Commutator notation in classical field theory

[paco_uk]

Homework Statement

Could someone please explain what is meant by the term:

[itex]\partial_{[ \mu}F_{\nu \rho ]} [/itex]

Homework Equations

I have come across this in the context of Maxwells equations where [tex]F^{\mu \nu}[/tex] is the field strength tensor and apparently:

[tex]\partial_{[ \mu}F_{\nu \rho ]} =0[/tex]

follows "trivially" from

[tex] F_{\mu \nu} = \partial_{\mu} A_{\nu} - \partial_{\nu} A_{\mu}[/tex]

The Attempt at a Solution

I don't understand what the notation means and I haven't found it defined anywhere. Do all three indices get permuted somehow?

 

[I like Serena]

Would you please fix your latex tags?
They should be [ tex ]...[ /tex ] (that is: forward slash, but no spaces within the tag).

You'll see that your equation will look "strange" then.
Could you perhaps fix that as well?

 

[paco_uk]

Sorry about the mess. I've cleared up the latex tags. What's there now does indeed look strange to me but is what is written in the lecture notes. I don't know what the commutator bracket round the subscripts means.

 

[stevenb]

I don't understand what the notation means and I haven't found it defined anywhere. Do all three indices get permuted somehow?

Yes. This is the antisymmetrizing operation. A good explanation is given in Prof. Maloney's notes and lecture recordings. It's also found in many good reference books on GR and differential geometry.

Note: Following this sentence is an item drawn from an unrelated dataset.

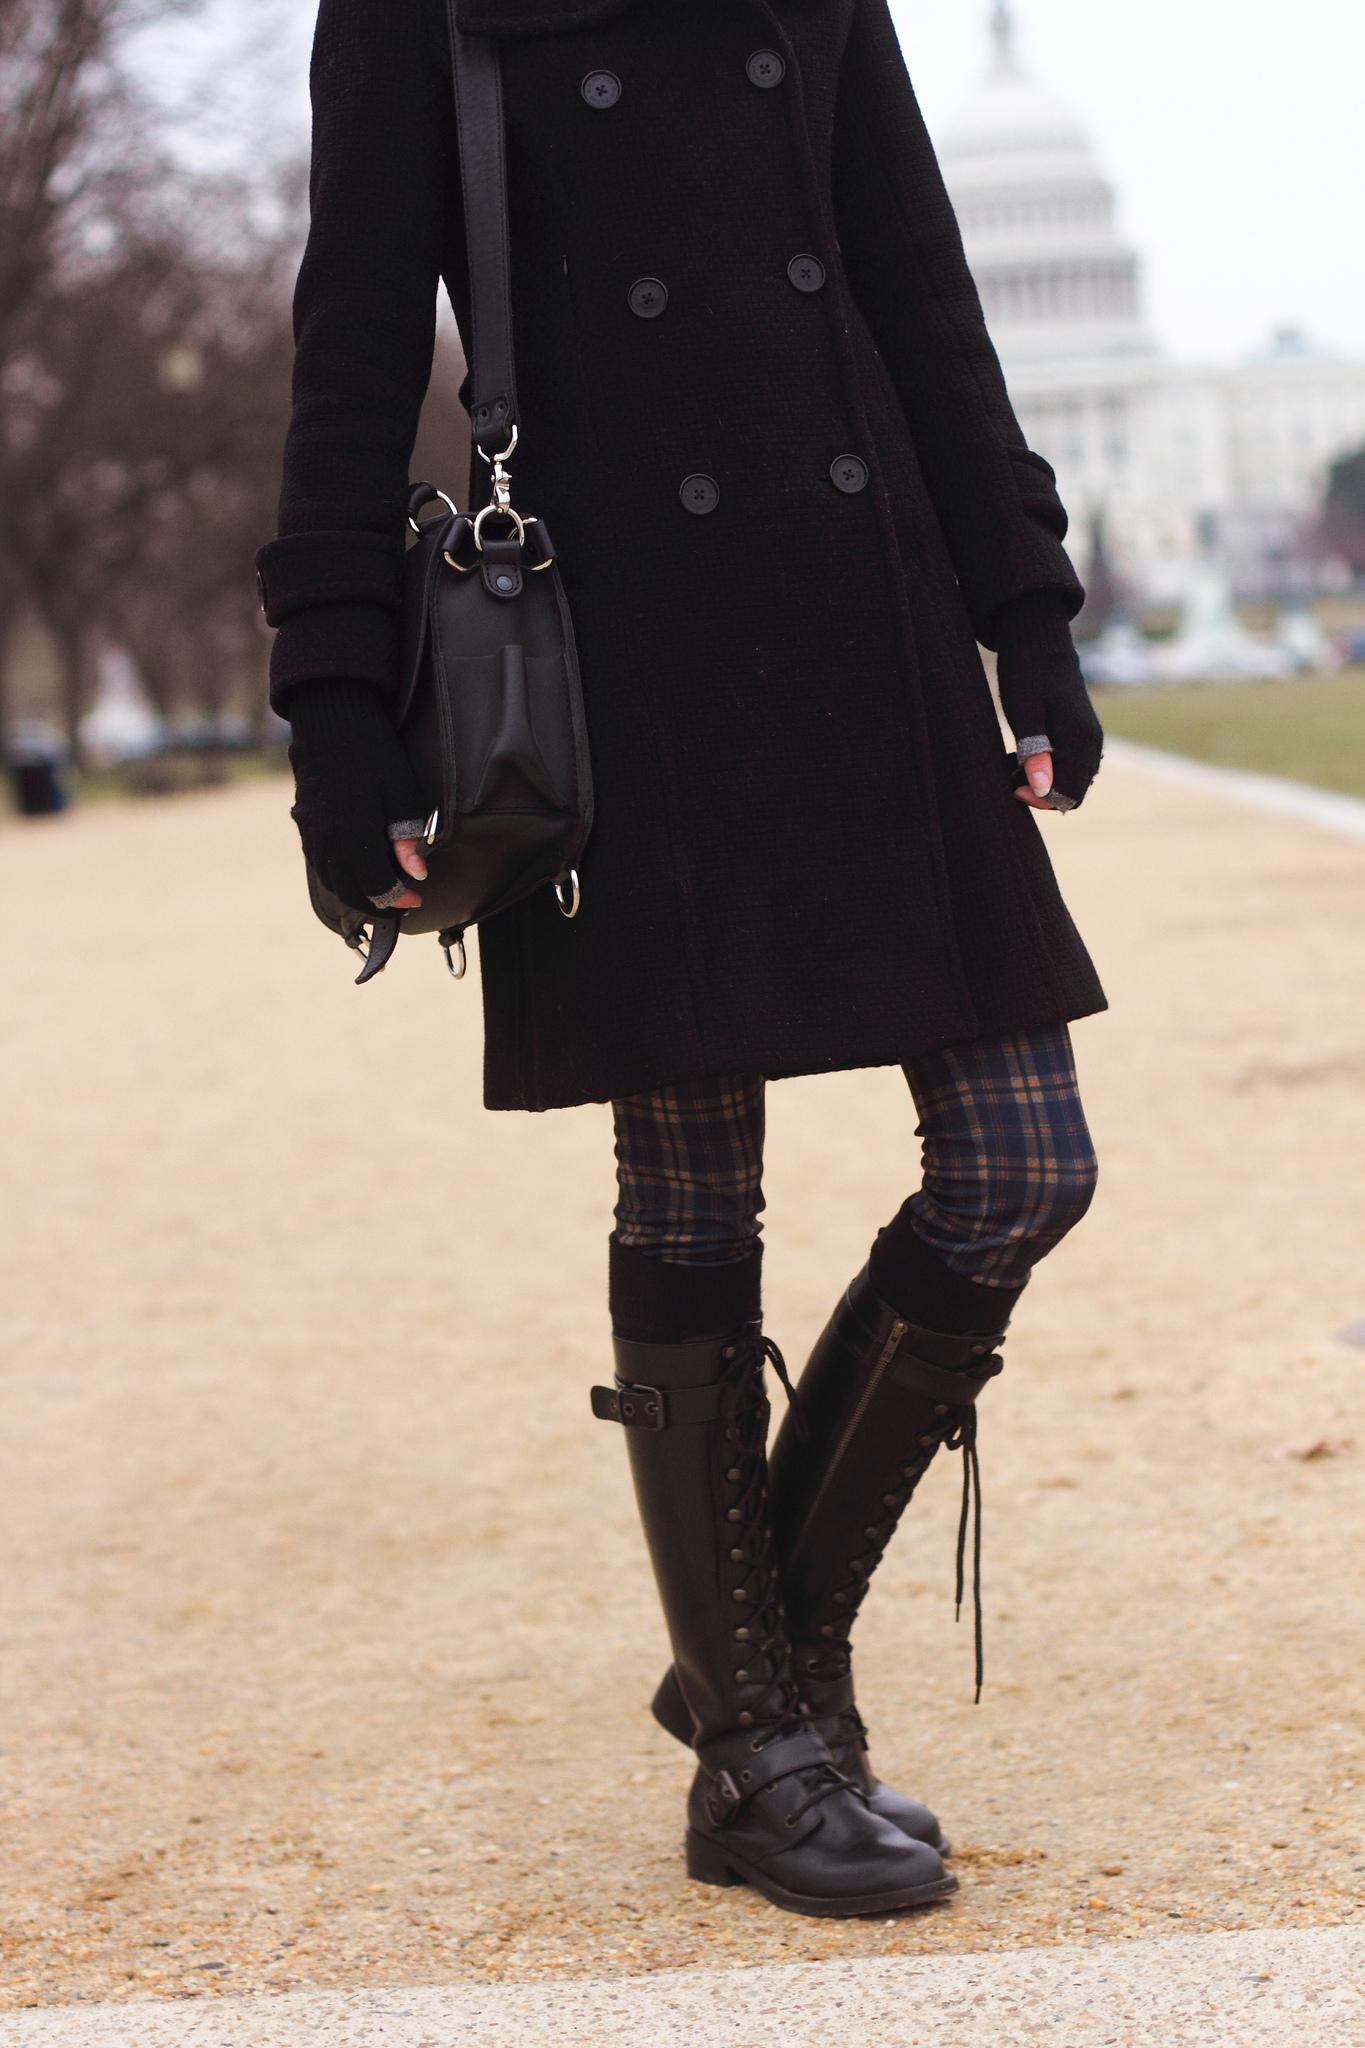 plaid pants and combat boots

http://www.physics.mcgill.ca/~maloney/514/

Here is a PDF of the relevant lecture notes, but it's helpful to listen to the lectures if you have time.

 

[dextercioby]

The notation makes sense, if you learn about differential forms on the space-time manifold. The F is then a 2-form, and dF =0 is a consequence of the 2-nd degree nilpotency of the exterior differential.

 

[paco_uk]

Thanks very much. I've never done a course on General Relativity so I'm pretty shaky on all this. I look forward to listening to the lectures.